Segundo D. Judith, o autor do crime foi o Claudiney. Mas que os advogados da VM agora estão tentando provar que a arma que matou Antonio Joaquim estava na posse de João Cachoeira, que era o único que tinha o documento Porte de Arma.

3)   Quais foram as negociações com a  V&M do Brasil sobre o caso de Antonio Joaquim ou sobre os direitos da terra pelas comunidades?

Antes do assassinato, a comunidade de Canabrava estava se posicionando de forma firme na resistência contra as monoculturas da VM em função da degradação ambiental, por não terem mais empregos, e por estarem sempre impedidos de coletar lenha. Lideranças já tinham participado em diversas reuniões, inclusive em uma audiência na Assembléia Legislativa de Minas Gerais onde apresentaram publicamente suas denuncias pelo encurralamento.

Depois do assassinato, a Rede Alerta contra do Deserto Verde realizou um encontro na comunidade, em novembro de 2007. (veja o Relatório Canabrava Encontro Atingidos Monocultura Nov 2007). Neste documento saíram diversas propostas, uma delas a de que a VM deveria deixar 1 km ao redor das propriedades dos agricultores familiares sem plantação de eucalipto, para o cerrado regenerar.

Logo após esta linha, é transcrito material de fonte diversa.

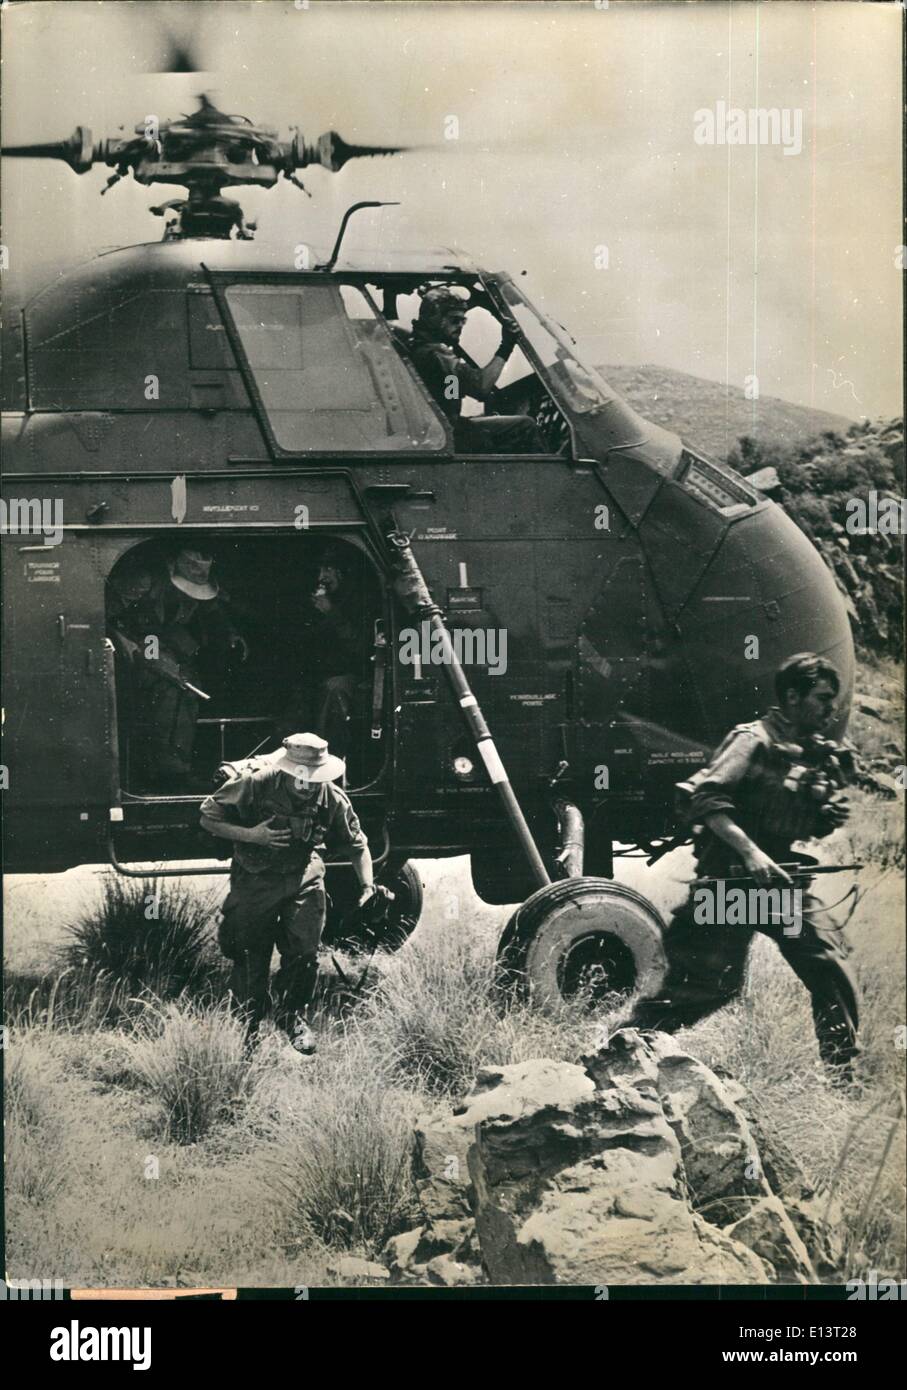 27 mar 2012 - Francese lotta contro i ribelli algerini.: l'elicottero è uno dei principali mezzi di trasporto utilizzati in Algeria. Truppe che arrivano sulla scena dell'operazione. Foto Stock

Estas propostas foram encaminhadas ao poder publico e aos auditores da FSC.

4)      Como está o processo criminal e de indenização?

Tivemos a informação que o advogado da família está acompanhando o processo criminal, mas não é parte do processo. Não tiramos a dúvida ainda porque não conseguimos falar com o advogado na conversa que tivemos ontem. Mas vamos conversar com ele por telefone. Em seguida te enviamos esta informação.

 A informação que a família nos passou é que ele está encaminhando um processo de indenização, mas que ele diz que é muito demorado.

Como está a família de Antonio Joaquim? O que eles pensam sobre o assunto?

Na reunião que fizemos ontem com a família, estavam presentes D. Judith e suas três filhas: Eudislene, a filha mais velha e casada; Eudileusa, a filha do meio e também casada, e Eudileia, a filha mais nova e solteira.

A família está muito incomodada com o fato de até hoje os assassinos estarem soltos na cidade.  Elas gostariam que a justiça agisse com mais rapidez. Elas falaram que quando são intimadas pela justiça para dar algum depoimento, elas vão e que são quatro os advogados da VM ou da firma de segurança (elas não sabem precisar quem são estes advogados da defesa), alguns deles que vem de Belo Horizonte especificamente para isso.

Como está o processo de criminalização da comunidade? O que a VM está acionando para se proteger?

Na nossa opinião, nos parece que a empresa atualizou sua estratégia com relação à comunidade:

– tem realizado um intenso trabalho social e político: construiu uma igreja na comunidade, substituindo uma antiga igreja que estava no alto de um morro e que era local de peregrinação. Infelizmente houve aquiescência de um padre que atende a comunidade. Vem sempre oferecendo projetos para a comunidade, distribuição de mudas de eucalipto, construção de pequenas barraginhas para conter a água da chuva;

– a empresa continua mantendo a comunidade sob pressão para que não peguem lenha. Mas a estratégia atual é de utilizar a Policia Ambiental / Policia Florestal. Não são mais os guardas que fazem este trabalho sujo.  Assim, com muita freqüência a PM circula pela comunidade e destrói os pequenos fornos que são construídos para produção de carvão utilizando os restos de madeira das áreas de plantação;

– Pela informação que tivemos, a empresa contratou outros guardas porem eles não andam, aparentemente, armados. Eles andam apenas de cassetetes.

Enviada para Combate Racismo Ambiental por Carlos Alberto Dayrell.